6 creative ways to support all independent artists right now

The return of some shows and tours may give the impression that the music industry is starting to return to normal, but this is far from the reality, and many artists – especially smaller ones and independents – continue. to fight in the ongoing pandemic, and need the support of their fans.

Guest post by Angela Mastrogiacomo of Flypaper by Soundfly

With the return of live concerts and the tour announcements made daily, it’s easy to feel like we’re on the reverse of this pandemic. After all, if we fill the halls with our concerts, it can start to seem like everything is really is back to normal.

But of course, this is not true. We still have booming viral variants, and a year and a half of the booming music economy that so many musicians have struggled with to stay financially afloat (not to mention the anxiety and sanity it has had). caused to our music community). Suffice to say that we are not quite out of the woods yet, and as a community we still need the support each other.

And so, it’s time to come together once more. Just like we did in the beginning of this pandemic, and as we always do when the going gets tough. We must come together to put the music industry back on its feet, supporting the musicians who have supported us for so long with their lyrics and melodies.

There are many ways to do this, including the obvious ones like buy or stream music your favorite independent bands, buy their merchandise, and tell your friends all about them. But if you’ve already ticked all of these boxes and still feel like it, try some of these creative side ideas to help you out.

1. Use your skills to give back.

Most of us have skills that we take for granted – what skill might you have that could help someone else?

For example, we’ve heard of companies offering free strategy sessions to artists (a manager can give a 20-minute consultation on the next steps the artist can take to achieve their goals). As a fellow musician, you might think of something that has worked well for you (social media, tours, engaged audiences at a show, stringing your guitar) and you could offer free Zoom workshops or coffee-chats for help others.

Think about the things that come easily to you – or some of the strengths you have in your position – would anyone else benefit from this knowledge?

+ Learn more about Flypaper: “Book of songs on the pandemic: artists who perfectly capture Covid in song. “

2. Reply to their Instagram stories and leave comments.

We all know the frustrations of fighting Instagram algorithm. One small way to give back that makes a huge difference to artists is to simply respond to their stories, comment on their publications, and let them know you look and that you appreciate them.

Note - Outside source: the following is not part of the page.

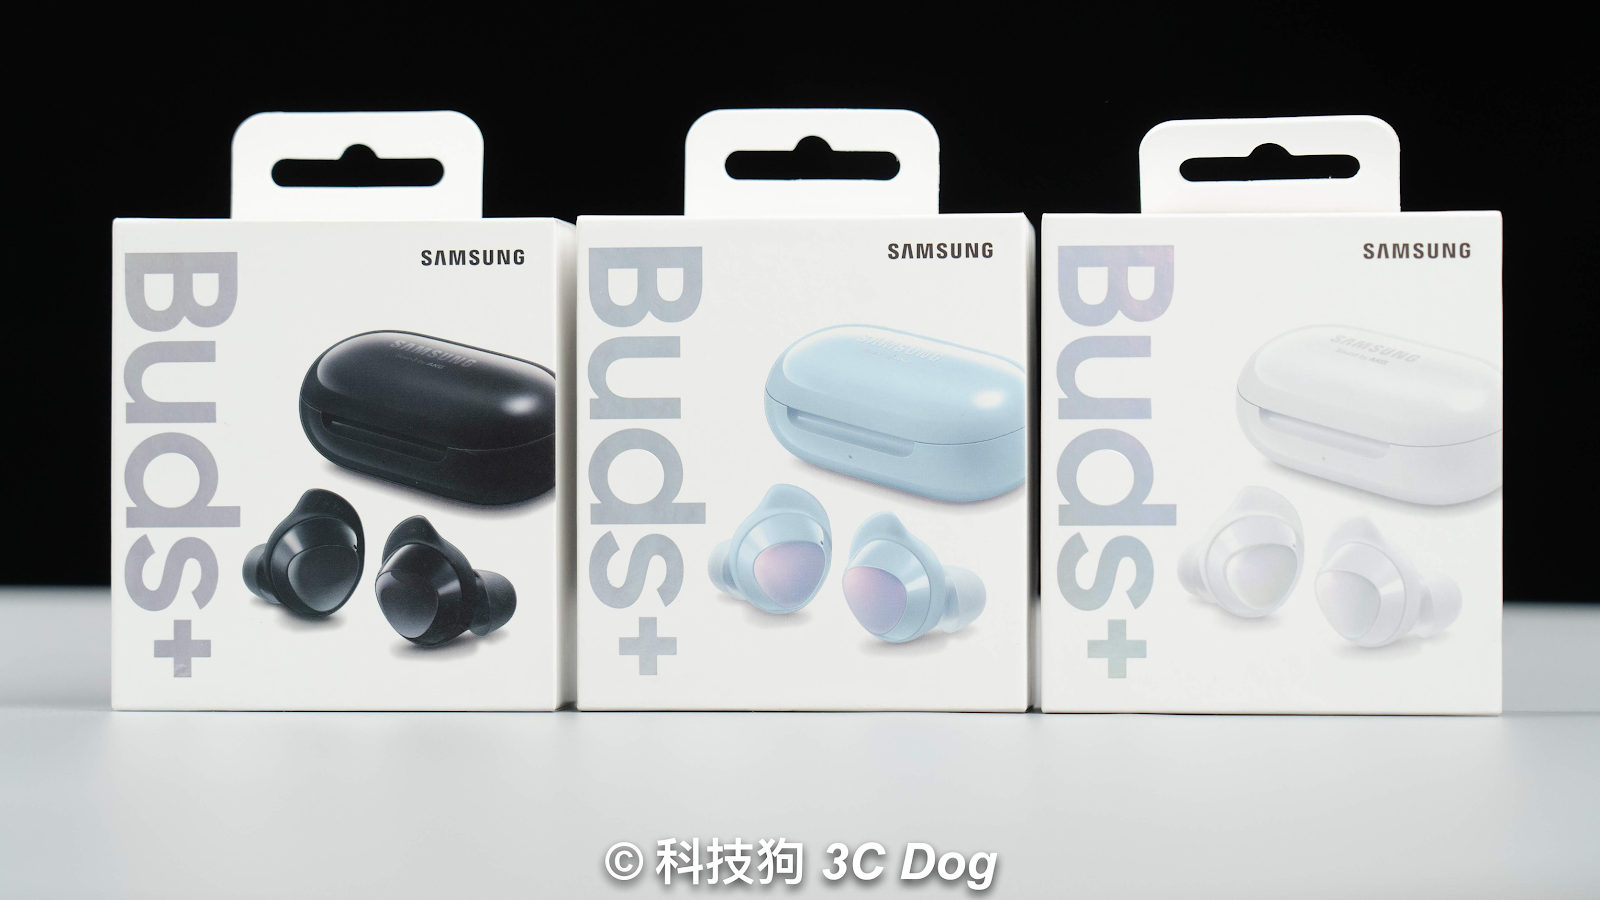 【開箱上手】三星 Samsung Galaxy Buds+ 和 Galaxy Buds 比一比！進步那些地方？iOS / Android 皆適用｜真無線藍牙耳機、快充、續航、外觀提升｜科技狗 - Galaxy Buds+, 三星, 三星耳機, 三星贈品, 真無線, 真無線藍牙耳機, 耳機, 藍牙耳機, 贈品耳機 - 科技狗 3C DOG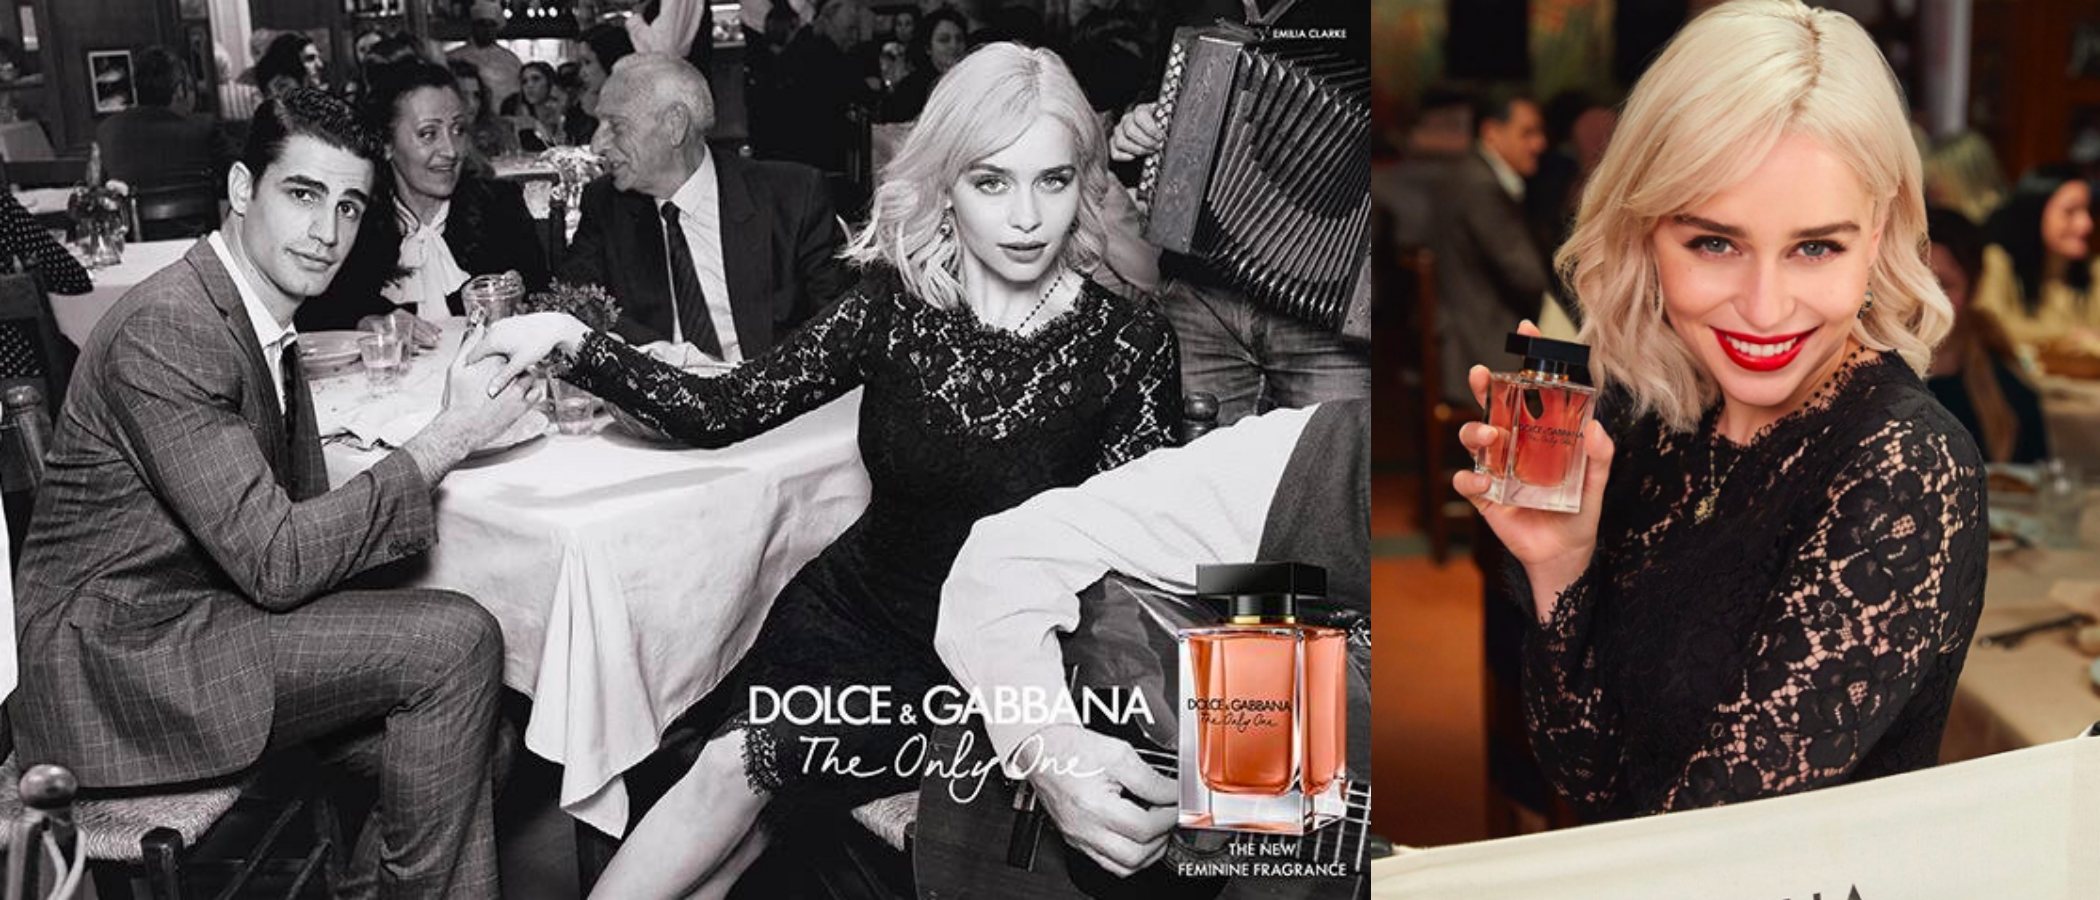 Emilia Clarke es el rostro y la voz de 'The Only One', la nueva fragancia femenina de Dolce & Gabbana

Not only does this help them strategically by give a reason to Instagram to boost their post (we know IG loves engagement on a post and will always push it to more people, the more engagement a post receives), but it shows them you’re noticing what they’re doing and it’s having a positive impact on you. Sometimes it is enough to show that appreciation to trigger a snowball effect.

3. Put on a benefit show (online or IRL)

Virtual or live, host a benefit show can be a really fun way to bring your community together while giving back to artists. Not only will all proceeds go to performing artists, but you could also organize a raffle (with local businesses sponsoring awards) to bring in more money which can then be distributed among the artists. This way you build a community while simultaneously helping artists thrive (just do it safely, please).

4. Host an evening of listening.

Why not take matters into your own hands and organize a listening evening with some of your favorite bands ?! You can even make it a monthly event and invite other musicians or industry professionals you know to get together and celebrate a few independent artists a month while talking shop.

Think of it as a book club for listening to albums; turn on the stereo, play a full album, and sit down with great drinks and even cooler friends. You can accept donations for the artist or just commit to posting a ton of content on social media about it to draw attention to the group. Who knows, your network of friends and artists might end up making some valuable connections!

5. Tip Jar on Bandcamp, or subscribe on Patreon.

I know we all struggle, so take this one with a grain of salt, but Bandcamp (via Twitter) and Patreon both are great ways to help artists even if you already own all of their albums or just want to give extra support.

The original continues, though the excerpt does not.